Full Report
Redmond open sources two tools for building and maintaining safer agents
Analysis Summary
# Tool/Technique: RAMPART & Clarity (AI Safety Frameworks)
## Overview
RAMPART (Risk Assessment and Measurement Platform for Agentic Red Teaming) and Clarity are open-source security tools developed by Microsoft to facilitate the secure development and "red teaming" of agentic AI systems. RAMPART is an automated testing framework designed to be embedded into CI/CD pipelines to identify vulnerabilities in AI agents, while Clarity is a pre-development architecture agent used to identify safety risks before code is written.
## Technical Details
- **Type:** Attack Tool / Red Teaming Framework
- **Platform:** Python-based (utilizes `pytest`), integrated into CI/CD pipelines
- **Capabilities:** Automated red teaming, prompt injection simulation, vulnerability variance generation, and architectural risk assessment.
- **First Seen:** May 20, 2026 (Public Release)
## MITRE ATT&CK Mapping
*Note: As these are defensive/red-teaming tools, they map to tactics used to simulate or mitigate these threats.*
- **[TA0002 - Execution]**
- [T1059 - Command and Scripting Interpreter] (Validation of agent tool-use)
- **[TA0040 - Impact]**
- [T1499 - Endpoint Denial of Service] (Simulating model resource exhaustion)
- **[MITRE ATLAS - Researching AI Red Teaming Techniques]**
- [AML.T0015 - Adversarial Prompt Injection]
- [AML.T0016 - Indirect Prompt Injection]
## Functionality
### Core Capabilities
- **Automated Red Teaming (RAMPART):** Built on the PyRIT (Python Risk Identification Tool) toolkit, it automates the testing of Generative AI systems via `pytest`.
- **CI/CD Integration:** Allows developers to run security tests as part of the build process, ensuring new code doesn't introduce vulnerabilities.
- **Vulnerability Variant Discovery:** Can take a single attack vector and automatically generate dozens or hundreds of variations to test the robustness of a mitigation.
- **Statistical Safety Trials:** Supports probabilistic testing (e.g., verifying an agent behaves safely in >80% of multi-turn trials).
### Advanced Features
- **Multi-turn Conversation Support:** Simulates complex, long-running interactions between a user and an agent to find hidden state-based exploits.
- **Architectural Sounding Board (Clarity):** An AI agent that simulates the roles of safety engineers and architects to "interrogate" a proposed feature's safety before development.
- **Remediation Validation:** Provides a repeatable environment to verify if a security patch survives diverse adversarial perturbations.
## Indicators of Compromise
*These tools are legitimate security software; however, researchers should look for their usage in specific environments.*
- **File Names:**
- `RAMPART` (Sub-components typically in Python environments)
- `clarity-agent`
- **GitHub Repos:**
- `github[.]com/microsoft/RAMPART`
- `github[.]com/microsoft/clarity-agent`
- **Behavioral Indicators:** High volumes of automated, adversarial-themed queries to internal LLM endpoints during CI/CD build phases (indicating active red teaming).

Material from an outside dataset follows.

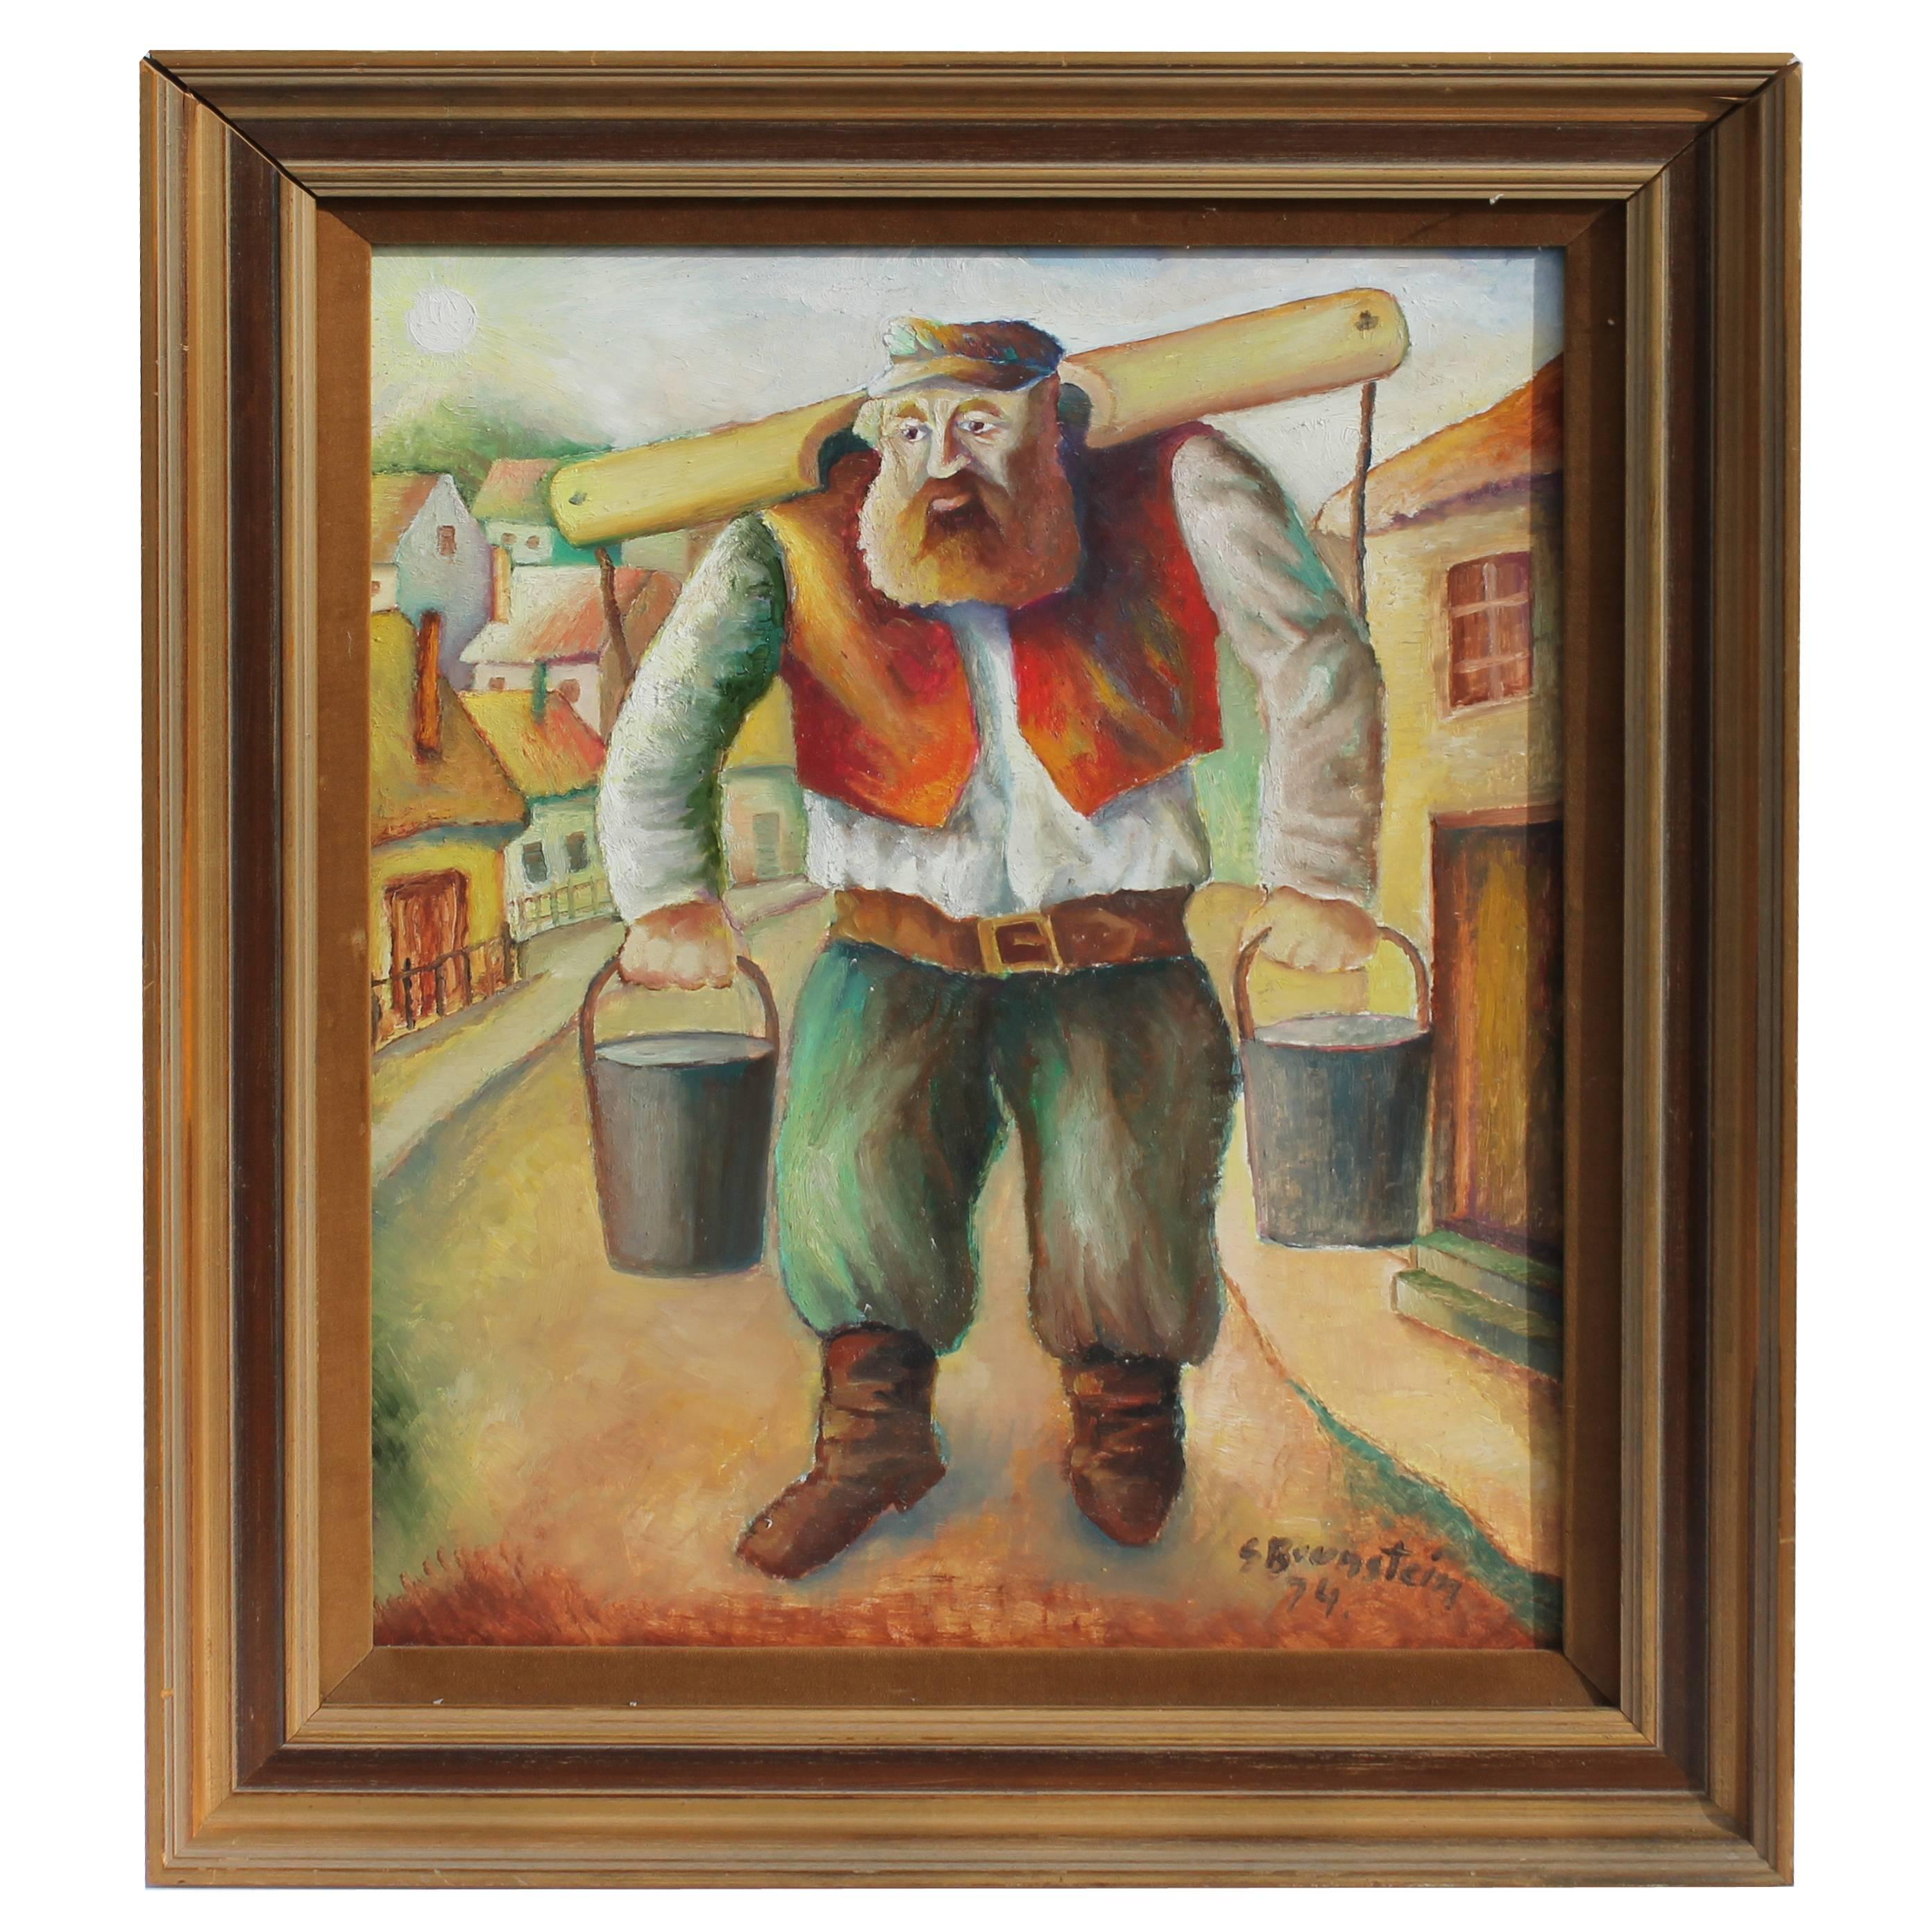 Signed and Dated Oil Painting of a Judaic Lumberjack

## Associated Threat Actors
- **Internal Red Teams:** Used by Microsoft’s AI Red Team and incident responders.
- **DevSecOps Professionals:** Employed for securing agentic AI deployments.
## Detection Methods
- **Behavioral detection:** Monitoring for rapid-fire "multi-turn" conversations and known prompt injection patterns (e.g., "Ignore previous instructions") appearing in testing environments.
- **Log Analysis:** Reviewing PyRIT and RAMPART logs for test failures related to "Unapproved Tool Use" or "Policy Violation."
## Mitigation Strategies
- **Pipeline Hardening:** Require RAMPART success scores (e.g., 90% safety threshold) before allowing an agent to be deployed to production.
- **Architectural Review:** Use Clarity to identify logic flaws in agent permissions and tool access early in the SDLC.
- **Boundary Setting:** Use the framework to define strict boundaries for AI tool calls (e.g., ensuring an agent cannot access a database it wasn't designed for).
## Related Tools/Techniques
- **PyRIT:** The underlying Python Risk Identification Tool for Generative AI.
- **Prompt Injection:** The primary attack technique these tools are designed to simulate and defend against.
- **Adversarial Machine Learning:** The broader field of study encompassing these tools.